ホンダ、自動車メーカーで唯一増益の裏事情

決算発表を2週間延期し、業績への影響を精査

販売台数は順調に推移している(撮影:風間仁一郎)

「このたびは決算発表日の変更にあたり、皆様には大変ご迷惑をおかけいたしました」

当初予定されていた4月28日から2週間遅れの実施となったホンダの2016年3月期決算会見。冒頭は岩村哲夫副社長のお詫びの言葉から始まった。

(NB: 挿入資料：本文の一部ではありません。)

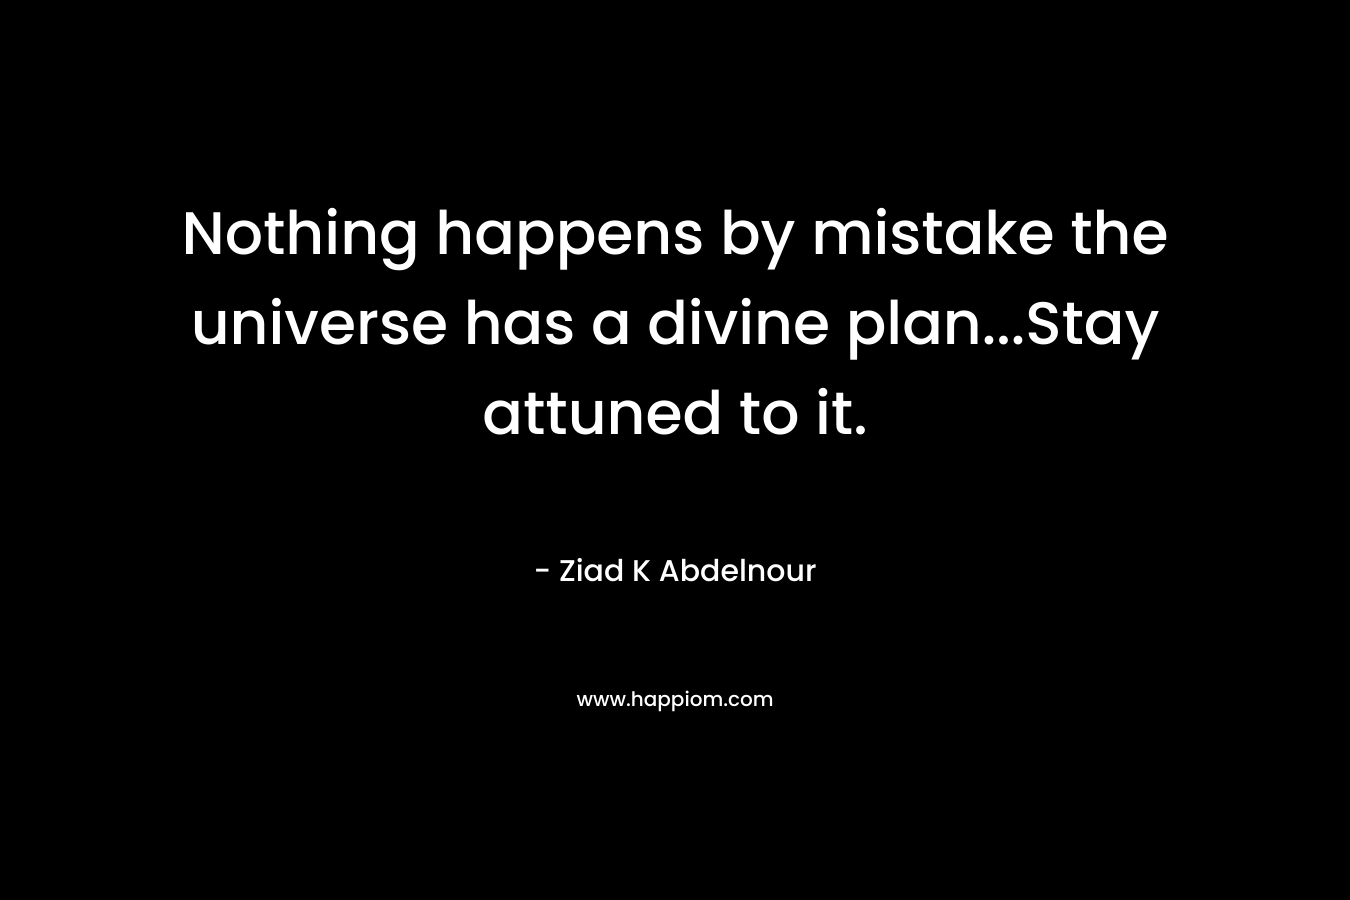 Nothing happens by mistake the universe has a divine plan...Stay attuned to it.

ホンダが発表した2017年3月期の業績見通しでは、北米やアジアでの販売が伸びることを前提に、世界販売が前期比3.6%増の491万台。営業利益は19.2%増の6000億円と2ケタ増益を見込んでいる。

自動車メーカーの中でホンダのみ増益

為替影響だけでも9350億円の営業減益要因となるトヨタは、今期40%の大幅減益を発表しており、マツダやスバルも25%の大幅減益という計画だ。燃費不正問題で業績見通しの発表を見送った三菱自動車を除けば、自動車メーカー全6社の中でホンダだけが唯一、営業増益を見込んでいることになる。

だが、2016年3月期の実績を見れば景色は一変する。ホンダを除く5社すべてが過去最高の営業利益あるいは純利益をたたき出した一方で、ホンダだけが前期比24.9%の営業減益と、自動車メーカーの中で独り負けという結果で終わったのだ。

前期から今期にかけて、業績の動向がホンダだけ競合他社と反対なのは、「タカタ問題」に主因がある。ホンダはタカタ製エアバッグの搭載台数が自動車メーカーの中で最も多く、その分、費用負担も重くのしかかる。決算発表を2週間遅らせたのもタカタ製エアバッグに関する品質関連費用の見積もりに時間を要していたことが1つの要因だ。